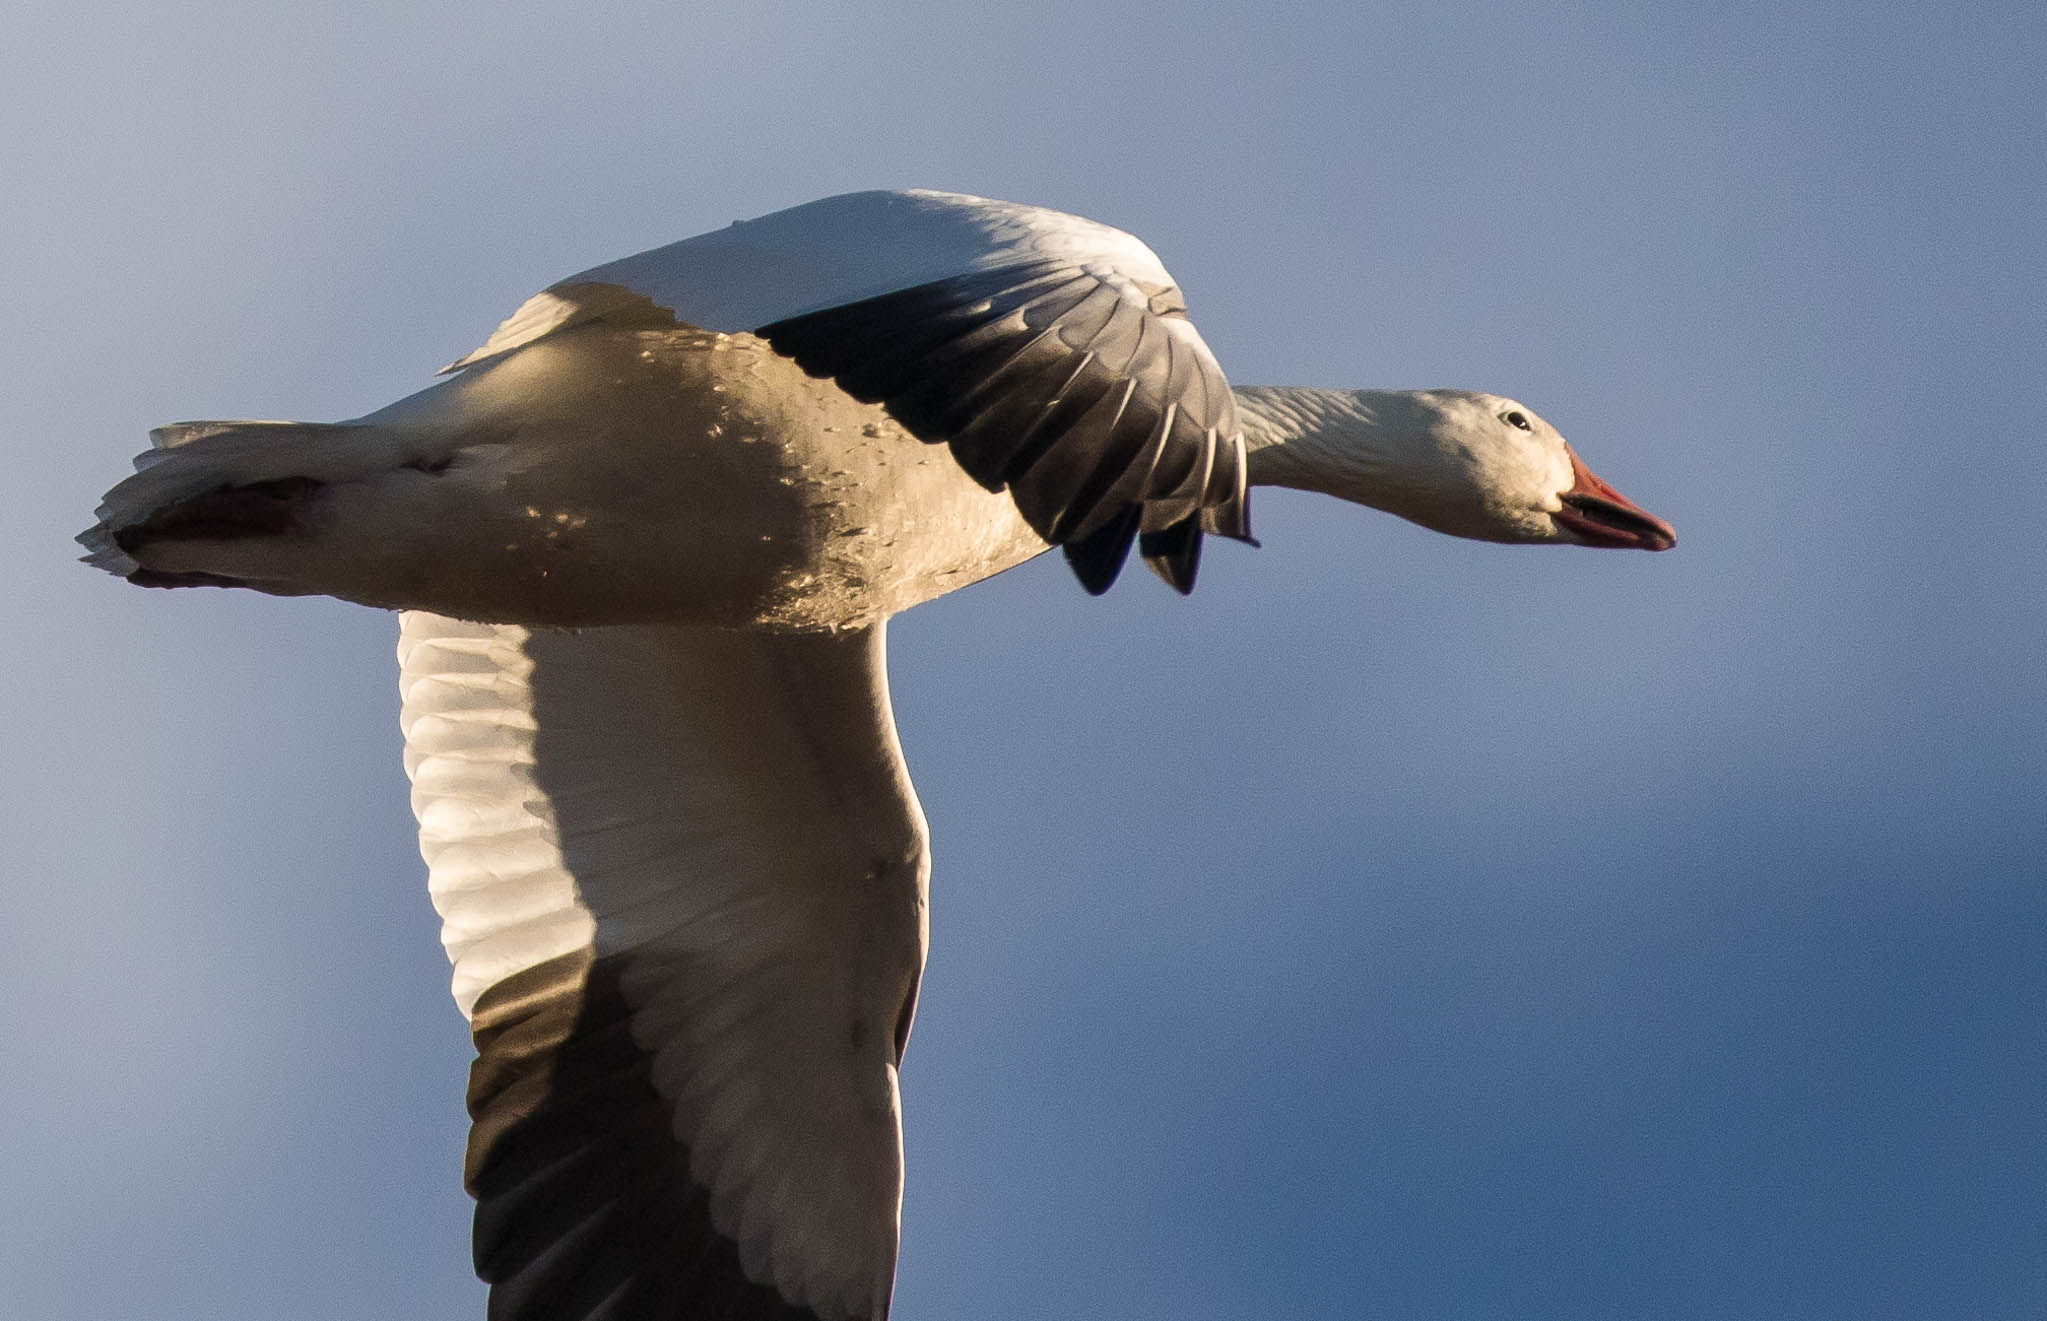 Snow Goose flying, Bosque del Apache National Wildlife Refuge, San Antonio NM, November 30, 2014
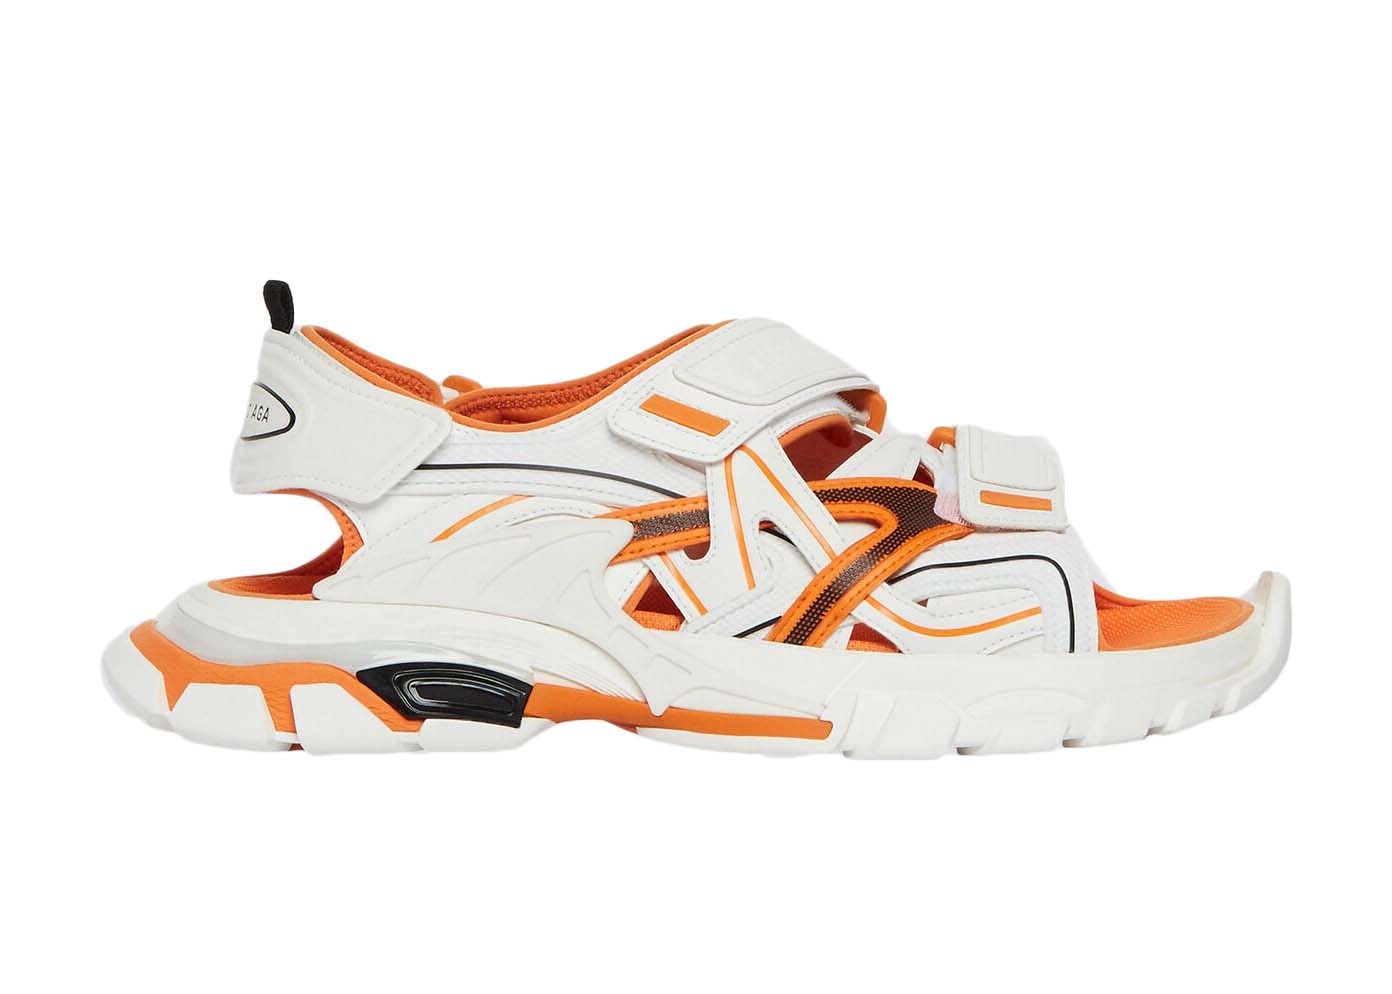 Balenciaga Track Sneaker White Orange  GOAT
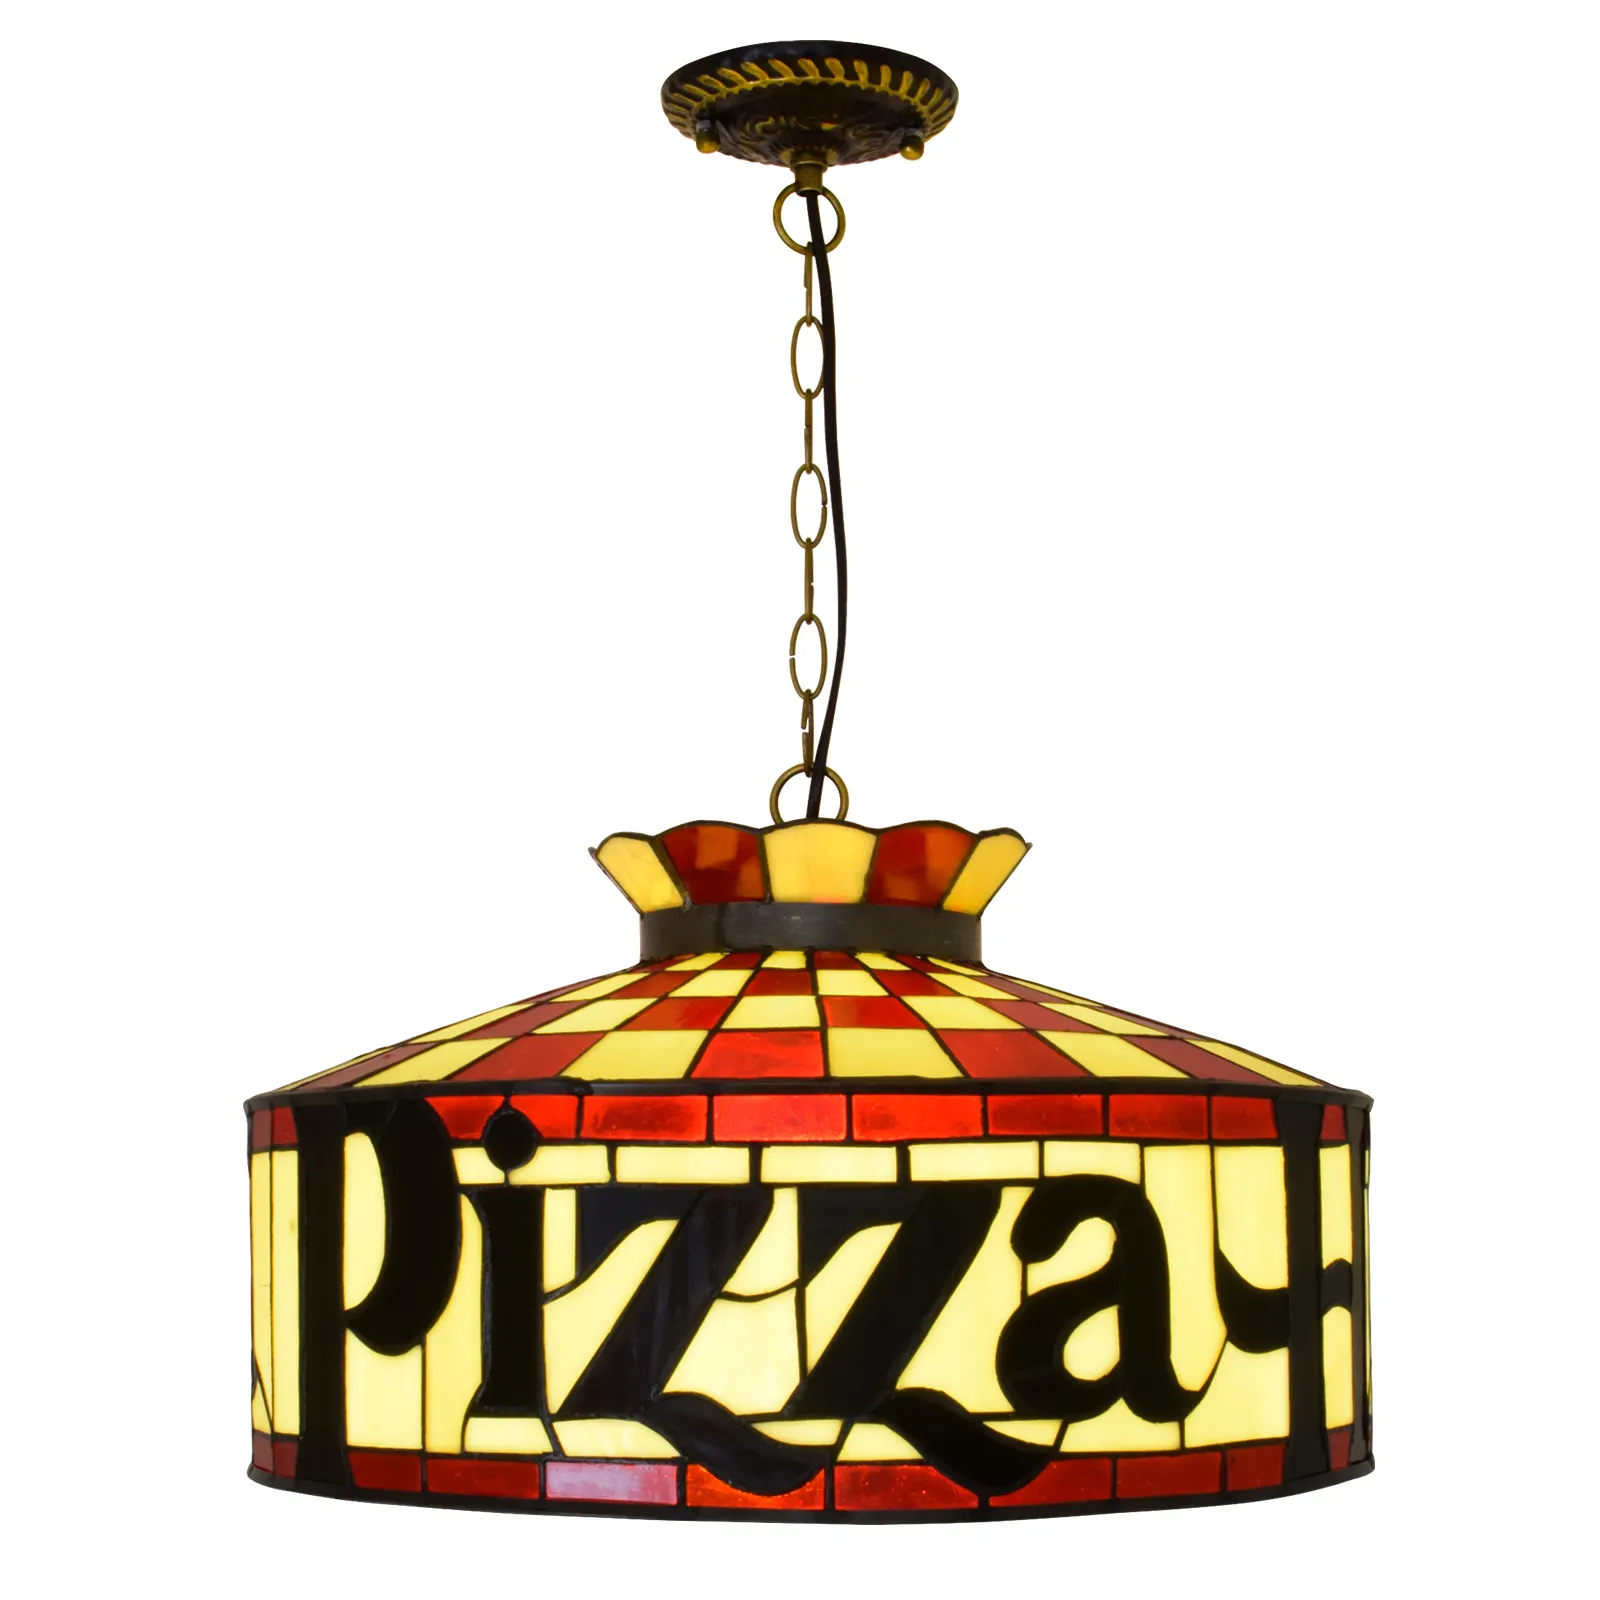 New Big chandelier 2022 Vintage PIZZA chandelier Tiffany glass globe swag lamp Retro hanging lights for restaurant

########

» **Work request**
Print the full listing exactly, dropping the pictures.

» **Task output**
 Snow Goose flying, Bosque del Apache National Wildlife Refuge, San Antonio NM, November 30, 2014
 Balenciaga Track Sneaker White Orange  GOAT
 New Big chandelier 2022 Vintage PIZZA chandelier Tiffany glass globe swag lamp Retro hanging lights for restaurant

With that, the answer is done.